La exigencia de tener que aspirar en forma constante a fin de mantener encendida una pipa se repetía ahora de alguna manera en las nuevas pilas, pensó Einstein, aunque en un idioma ajeno a la similitud fonética entre ambos elementos. Según había leído en los últimos reportes sobre los avances en la materia, las pilas rendían mejor cuanto más se las usaba, una paradoja solo en apariencia, si se consideraba que el gasto de energía es una condición esencial para su producción, así como el aire mantiene vivo al fuego, aunque también sea capaz de apagarlo. El desafío del movimiento sostenido radicaba en generar mayor energía que la que se gastase en hacerlo, por más que la diferencia fuera infinitesimal, siguió pensando Einstein, que de joven lo hacía mediante fórmulas matemáticas, pero que había cedido a las frases simples y a los ejemplos mundanos desde que se viera convertido en divulgador de su propia teoría. La humanidad, nacida del descubrimiento del fuego, había concentrado sus esfuerzos en generar cada vez más y mejores fuentes de fuerza, por lo que ahora urgía aprender a almacenar y a transportar el producto, como a un fuego dentro de una pipa, sin perder en el trayecto más del que se ganaría con llegar a destino. Einstein sabía que la clave de esa energía milagrosa estaba en el movimiento de los átomos, pero cada vez que se sorprendía pensando en ello, o cada vez que alguien se le acercaba con una idea que iba en esa dirección, y ambas cosas ocurrían con mayor frecuencia de la que hubiera querido, el científico optaba por desestimar los esbozos y las propuestas, ya fueran ajenas o propias, asustado por las consecuencias que podría acarrear su validez.

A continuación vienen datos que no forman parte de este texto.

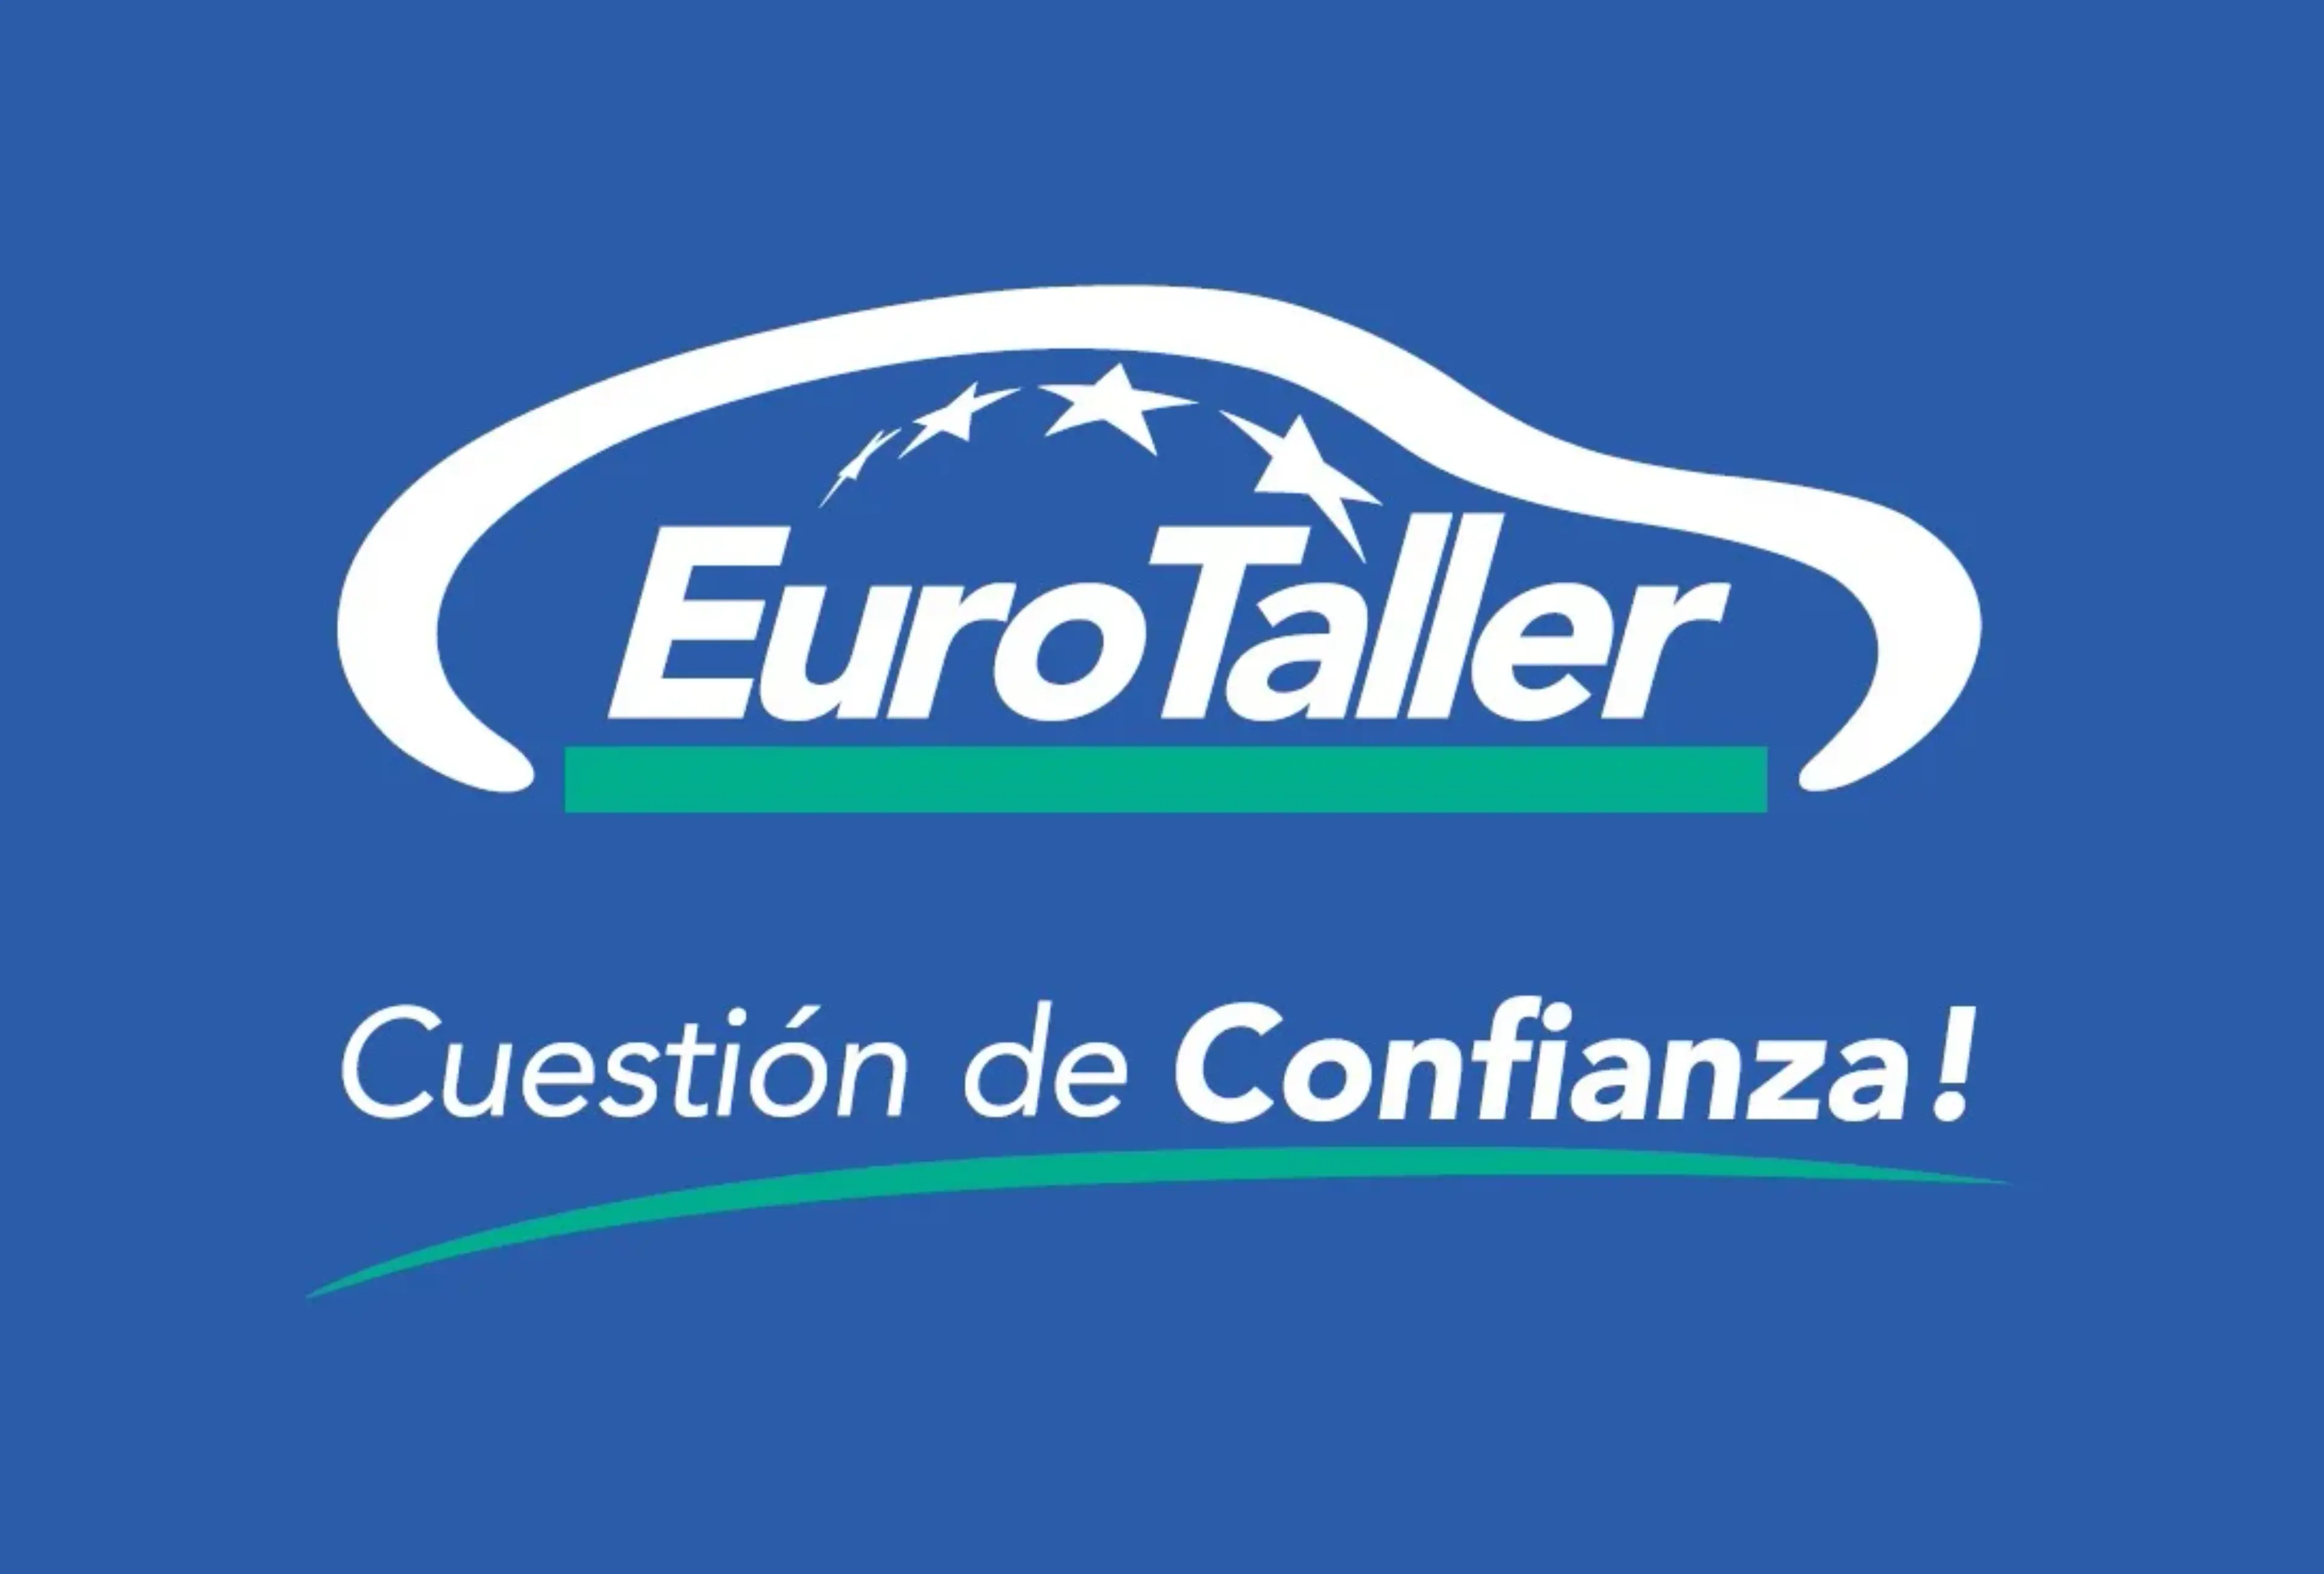 Eurotaller

–¿Y es autobiográfico, su libro? –preguntó al percibir que la otra había terminado con su resumen, aunque percibiendo enseguida que la pregunta no había caído bien agregó–: Muy interesante. Voy a leerlo.

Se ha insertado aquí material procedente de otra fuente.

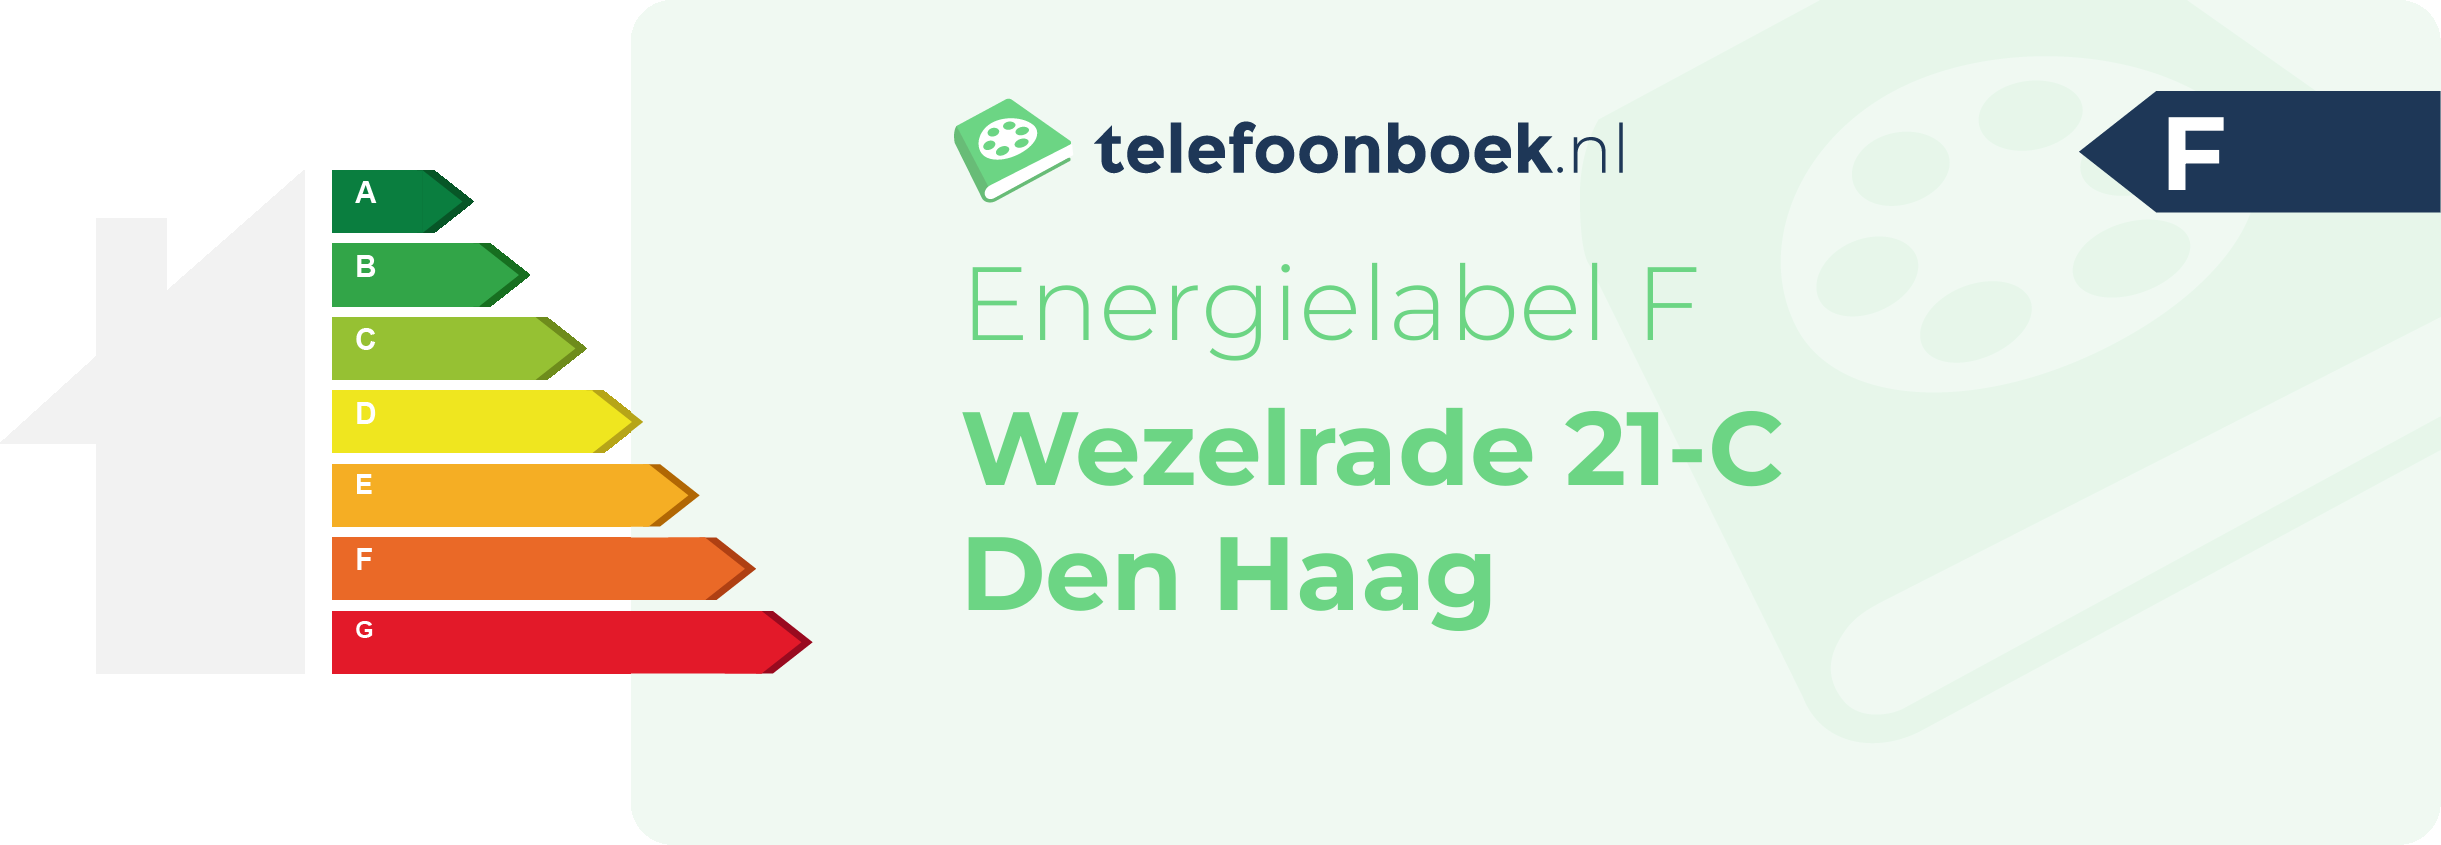 Energielabel Wezelrade 21-C Den Haag

Unos días más tarde, el del cumpleaños número 46 de Einstein, Elsa Jerusalem les leyó, a él y al capitán, con quien ya habían compartido un largo y entretenido almuerzo (la judía, del tipo ruso, y el alemán, del Este, le parecían a Einstein, cada uno en su tipo, dos personajes de nota); les leyó y les actuó, porque además de escritora era recitadora, por llamar de algún modo lo que si hubiera nacido mucho antes denominaríamos “juglar” y si hubiera nacido un poco después denominaríamos “performer”, se ve que por el lapso de algunos siglos la figura de este tipo de actor cayó en desuso, lo cual nos pone en el brete de si definirla como una adelantada o como una nostálgica; les leyó actuando o actuó leyendo su última composición, el drama en tres actos Lapidación en Sakya, que Einstein evaluó en su diario como “demasiado abstracto, pero de todos modos atrapante”.
Luego de la lectura performática, el capitán bajó a la sala de máquinas y la juglar se quedó conversando en su camarote con el crítico. Para no volver a ser interrogado sobre su vida privada, a la que su compañera de viaje se creía con derecho de acceso irrestricto luego de confesarle detalles de la propia, como que estaba separada del hombre con que había emigrado a la Argentina, el Dr. Víctor Widakowich, cuya primera esposa se había suicidado.